**Task to carry out**. Verbatim output of the lines below is required, with the images omitted.

**Data segment**.

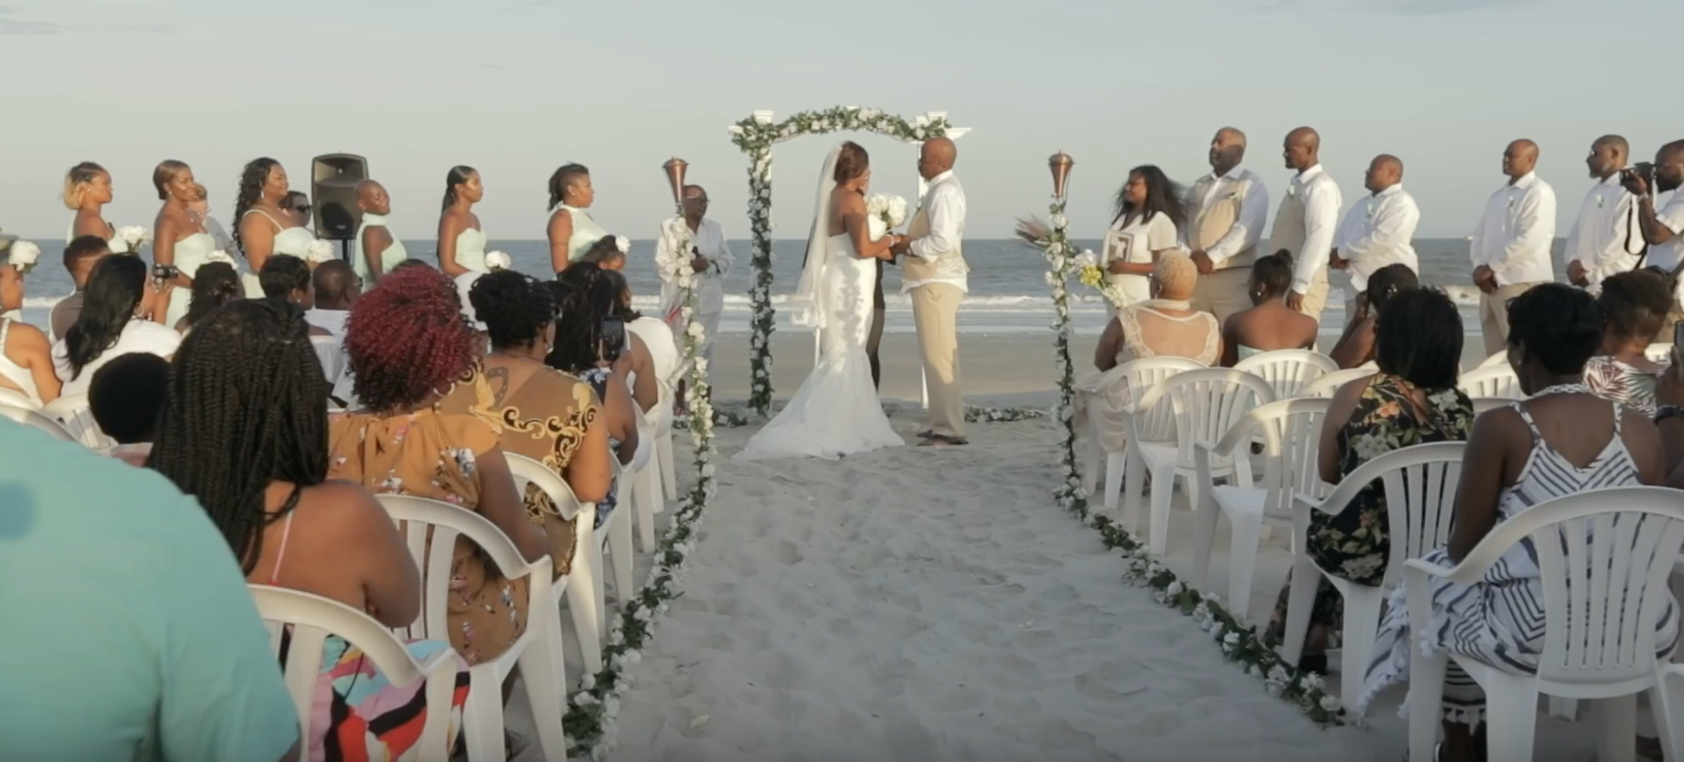 Surfside Beach Wedding Video
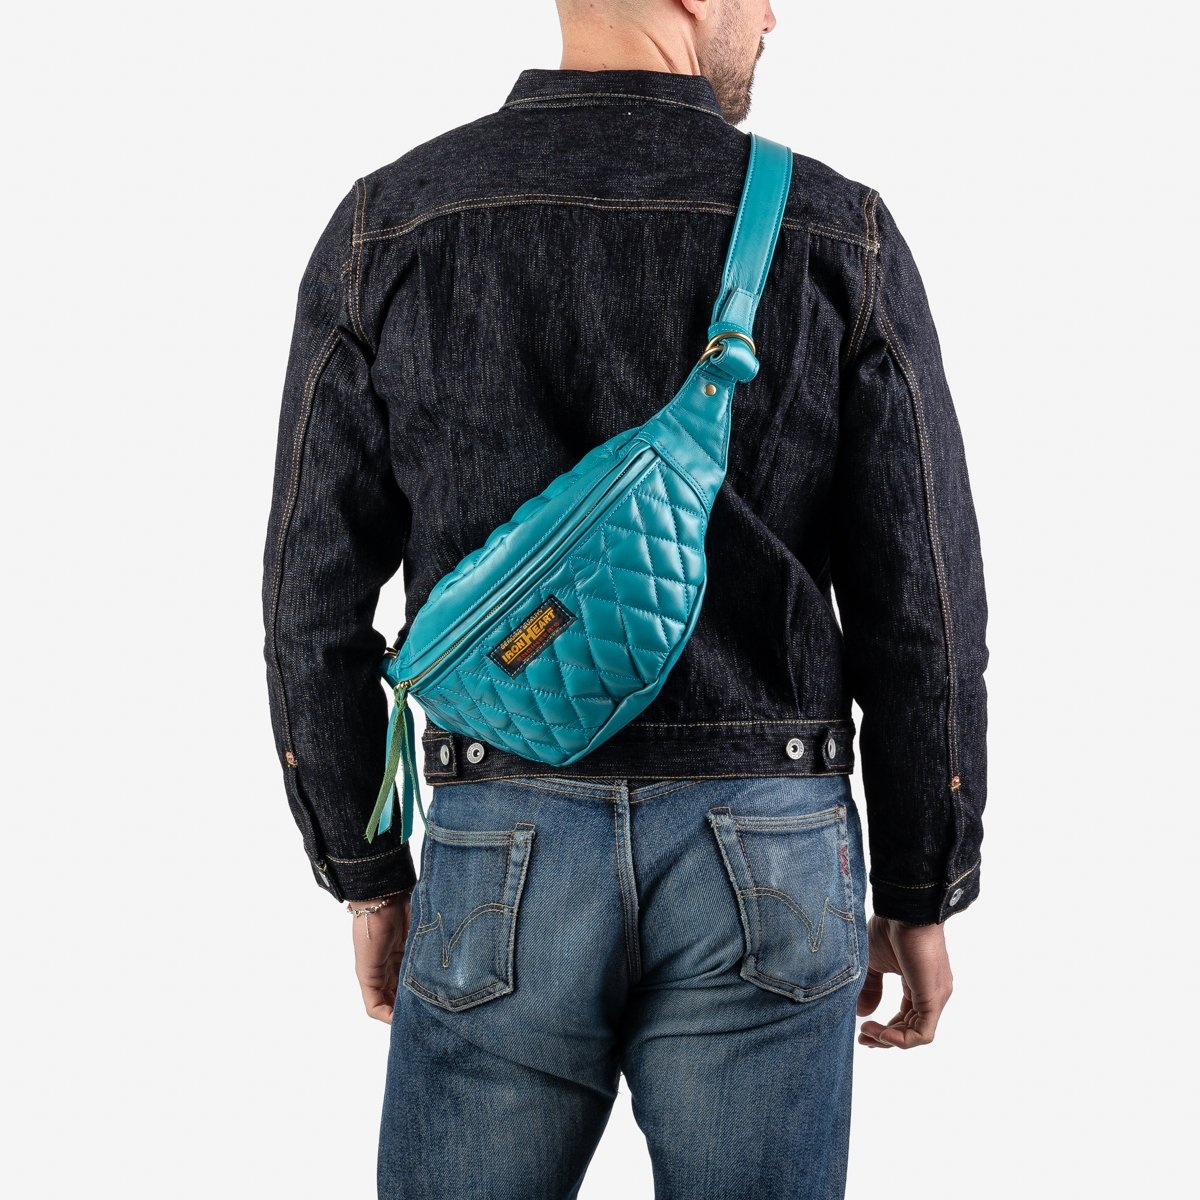 IHE-45-BLU Diamond Stitched Leather Waist Bag - Blue - 3
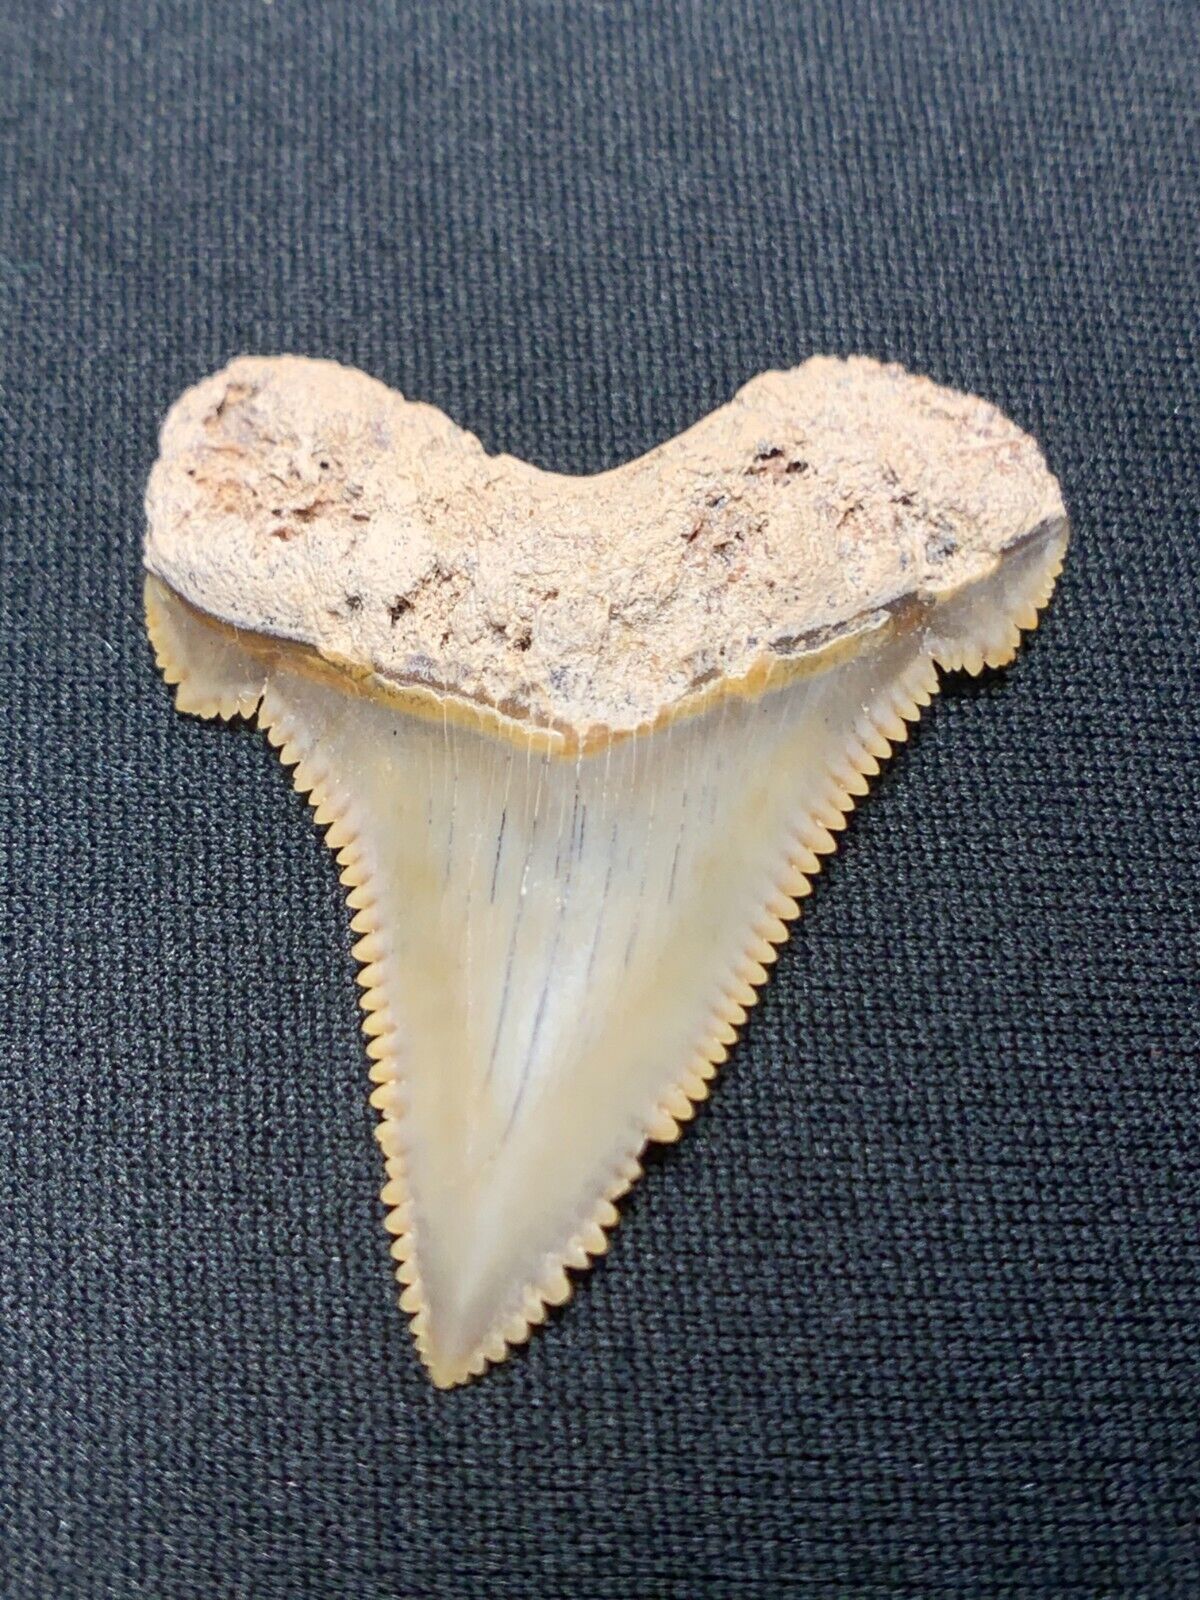 Razor Sharp Angustidens Shark Tooth with Slight Root Pitting
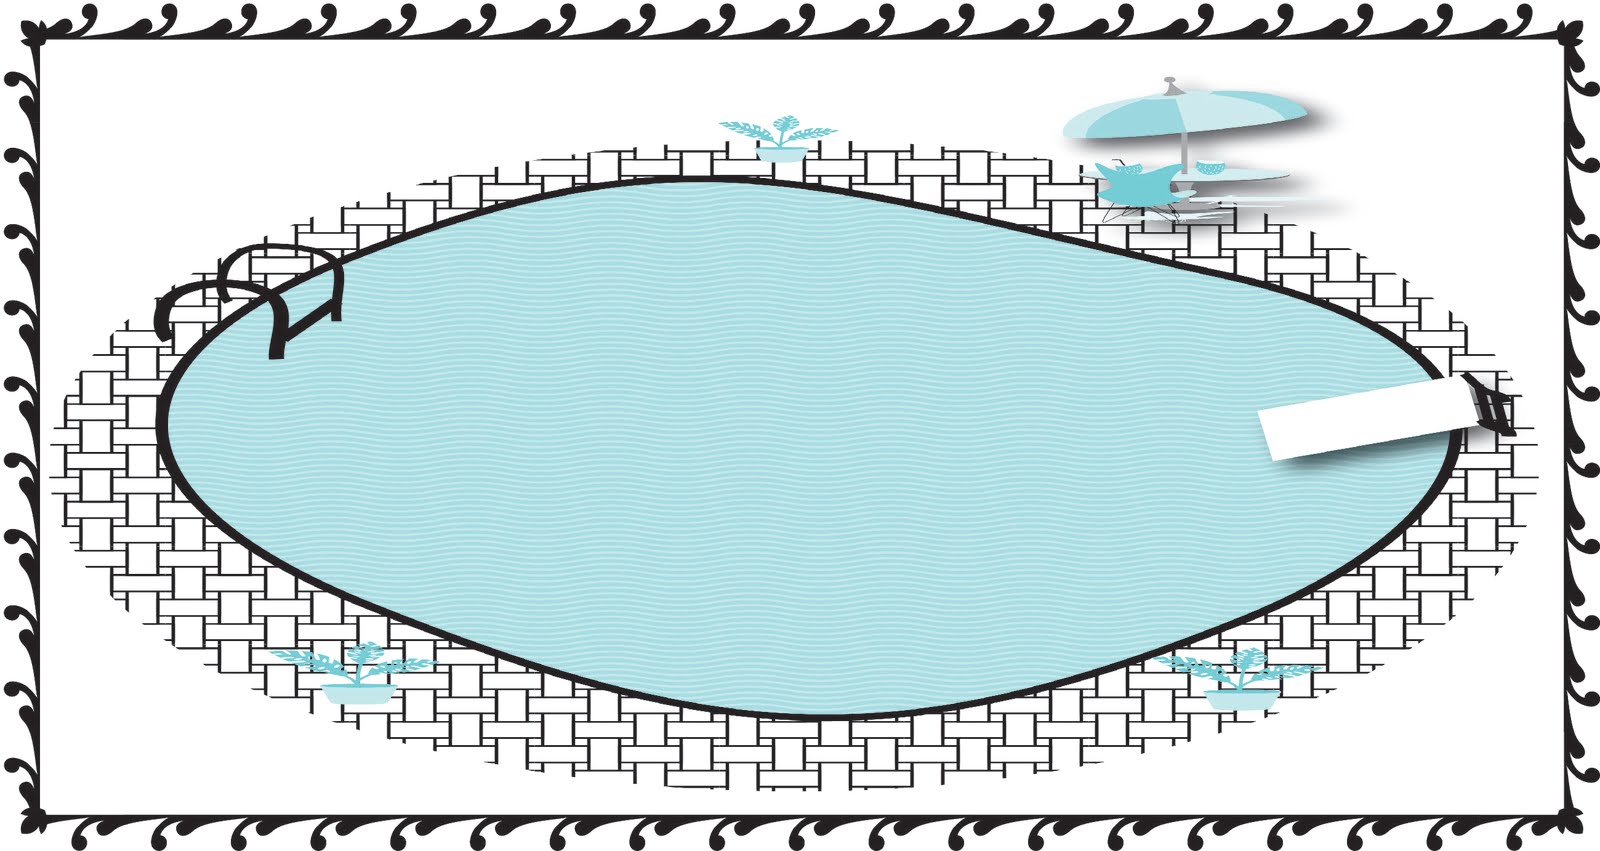 Bullington Designs: pool clip art I designed for a pool company ...

**Written solution**.
 Surfside Beach Wedding Video
 IHE-45-BLU Diamond Stitched Leather Waist Bag - Blue - 3
 Razor Sharp Angustidens Shark Tooth with Slight Root Pitting
 Bullington Designs: pool clip art I designed for a pool company ...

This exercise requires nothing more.